RADIO FADING AND THE NATURAL ELECTROMAGNETIC BACKGROUND

Abstract

A comparison is made between the natural geomagnetic background in the frequency range 0.006–0.6 Hz and fluctuations of the difference in received signal strength between the two magnetoionic modes of vertically incident broad-band radio signals in the range 6–16 MHz, observed at a single station near Victoria, British Columbia. At this station the following points were observed:1. During the daytime there is often a spectral component common to the radio-signal fluctuations and to the natural geomagnetic background, even during quiet magnetic times. There is seldom phase coherence, however, except for a few minutes at a time.2. There is a small but highly significant (1%) linear correlation R = 0.33 between all the hourly mean amplitudes of the radio-signal fluctuation level and the hourly mean amplitudes of the natural geomagnetic background. The correlation coefficient rises as high as R = 0.71 at 1400–1500 local time, when only a particular hour of each day is considered.
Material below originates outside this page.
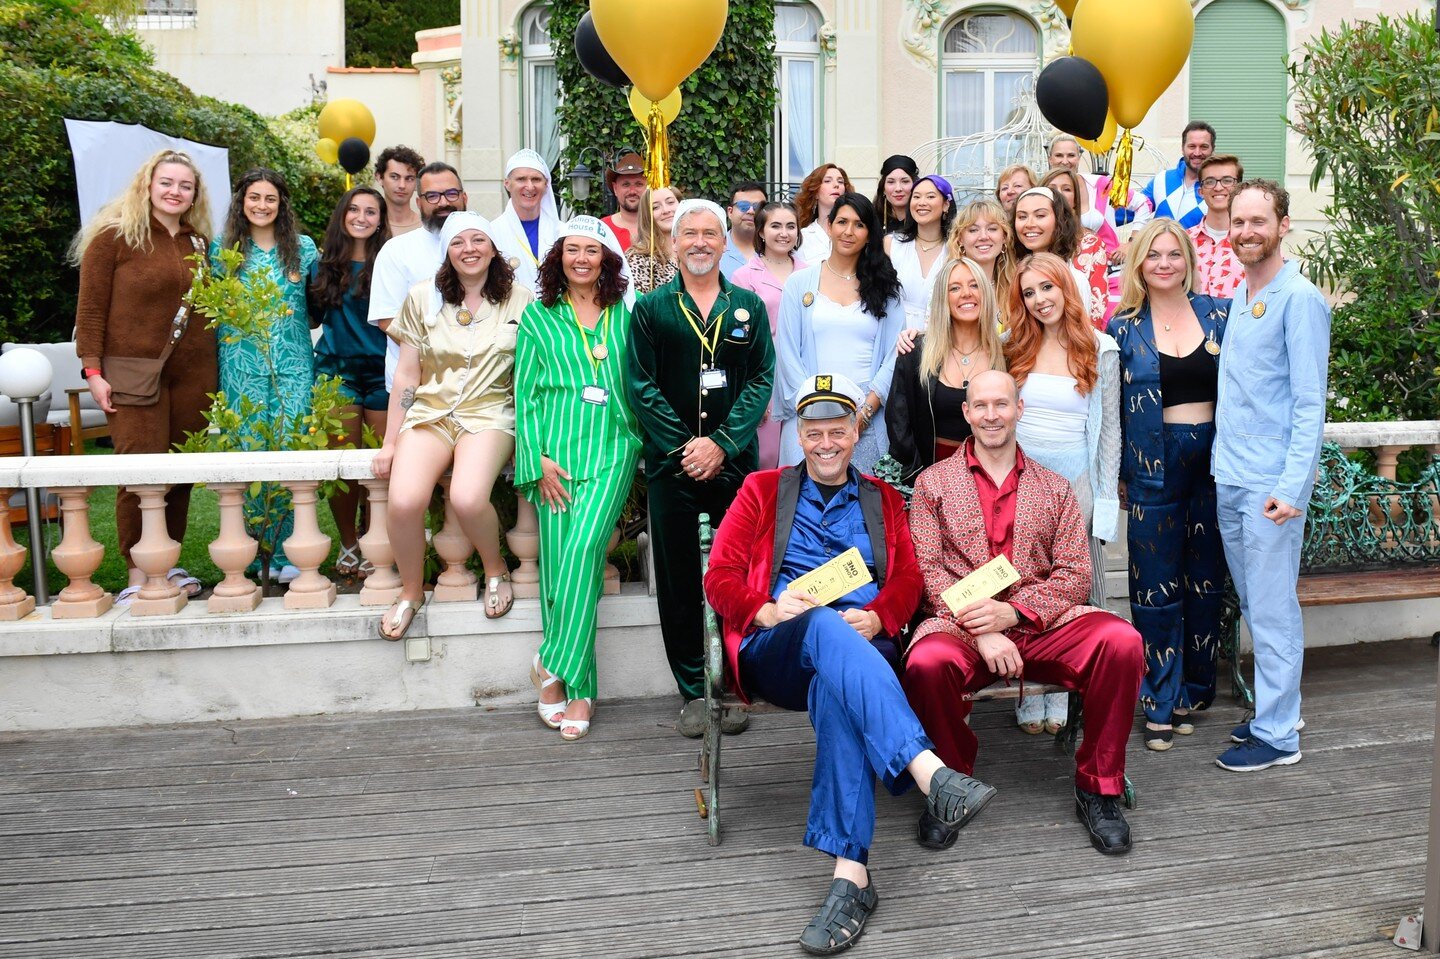 TEAM CANNES PJ PARTY 2023! 

Thanks to everyone who was involved in making this magical event possible - from our hosts @maximjago and @debordedave to our sponsors, volunteers, partners @juliashouse and @awarenessties, managers and organisers @luuney

It is concluded that geomagnetic micropulsations in this frequency range are a better indicator of r-f. fluctuations than is the local K_p.3. At night, there is a relationship between the occurrence of P_t's and of r-f. fluctuation, although their frequency components are not usually as closely related as are those of the daytime regimes.It is suggested that geomagnetic micropulsations can couple exospheric or auroral zone fluctuations into the upper E or F regions strongly enough to produce observable radio-signal fluctuations at mid-latitudes, even during magnetically quiet times.Lack of correlation between micropulsations and phase fluctuations of 18 kHz signals observed over an E–W 100-km path, and 80 kHz observed over an E–W 3 300-km path suggests that significant coupling does not extend down to the D region during magnetically quiet times.